Records to process:

────────────────────────────────────────

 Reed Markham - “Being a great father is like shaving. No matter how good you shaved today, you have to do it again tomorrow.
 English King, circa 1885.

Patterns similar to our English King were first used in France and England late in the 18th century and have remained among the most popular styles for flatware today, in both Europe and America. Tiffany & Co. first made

────────────────────────────────────────

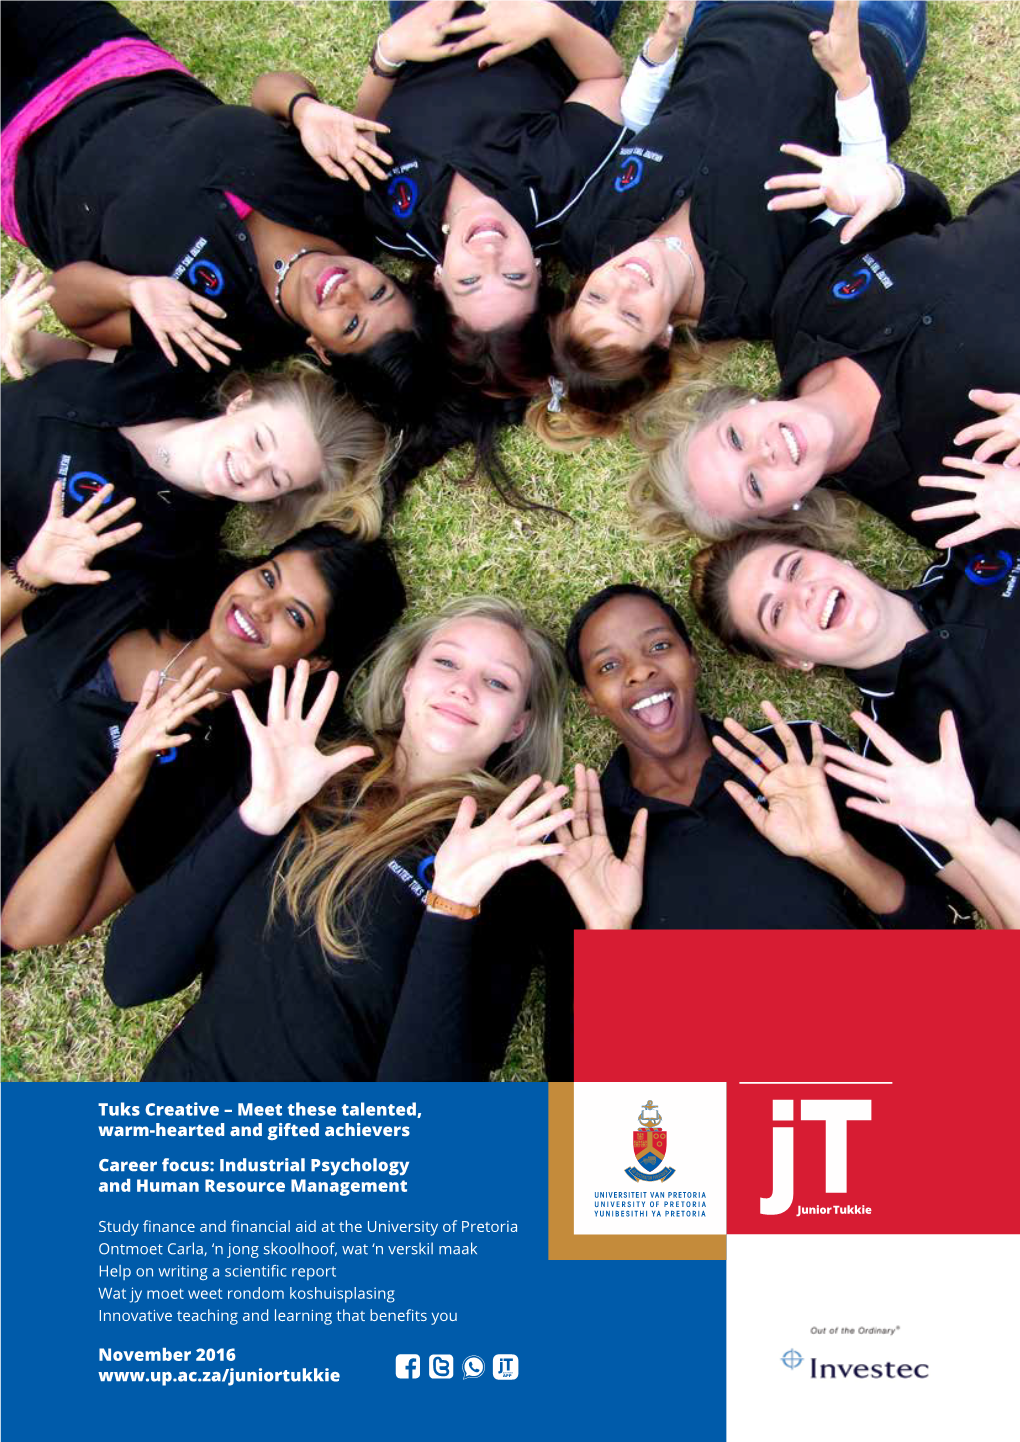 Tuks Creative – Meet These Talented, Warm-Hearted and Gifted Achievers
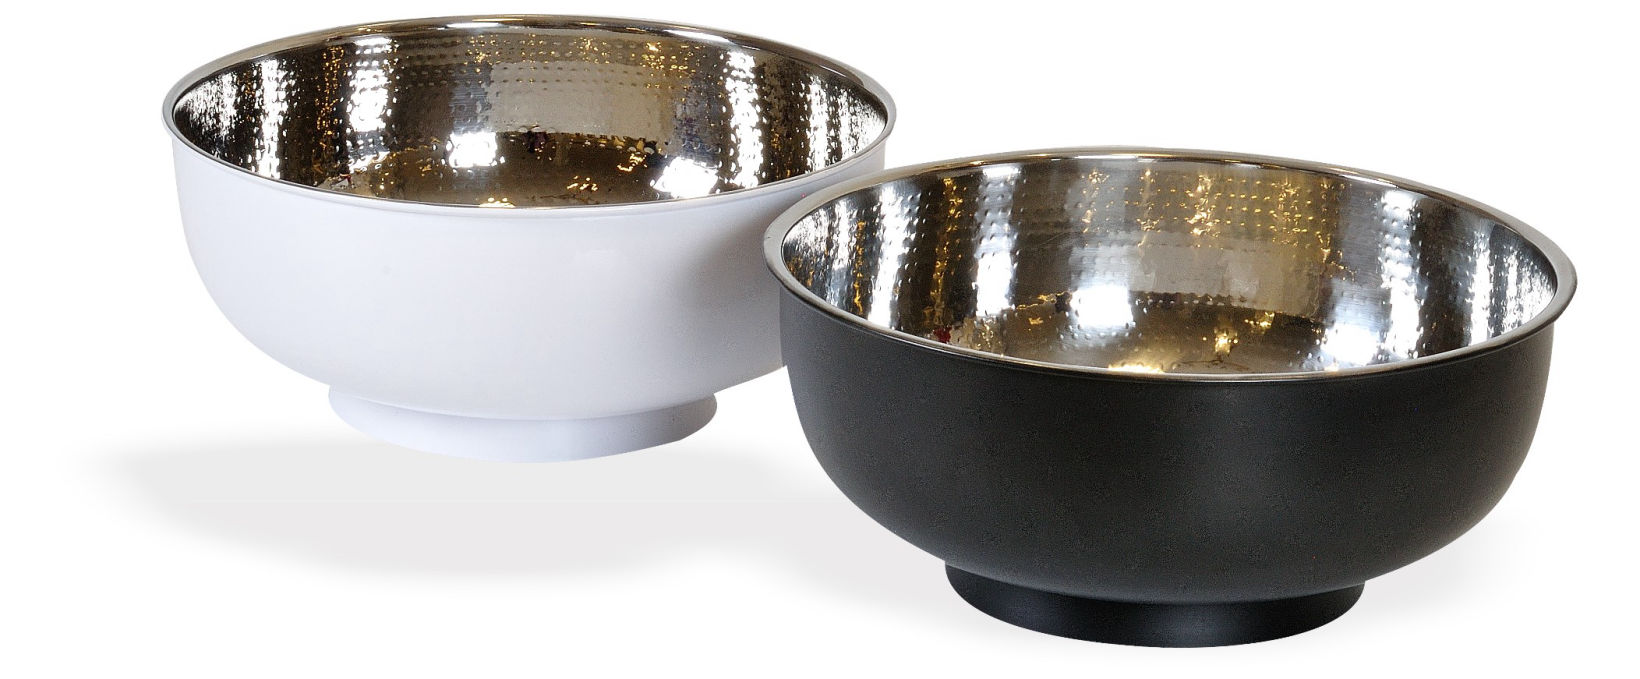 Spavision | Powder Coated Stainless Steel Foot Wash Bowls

────────────────────────────────────────

Exercise details:
Repeat the entries above verbatim, but only from the line that has "it again tomorrow." down to the line that has "Patterns similar to", inclusive.

Answer space:
 Reed Markham - “Being a great father is like shaving. No matter how good you shaved today, you have to do it again tomorrow.
 English King, circa 1885.

Patterns similar to our English King were first used in France and England late in the 18th century and have remained among the most popular styles for flatware today, in both Europe and America. Tiffany & Co. first made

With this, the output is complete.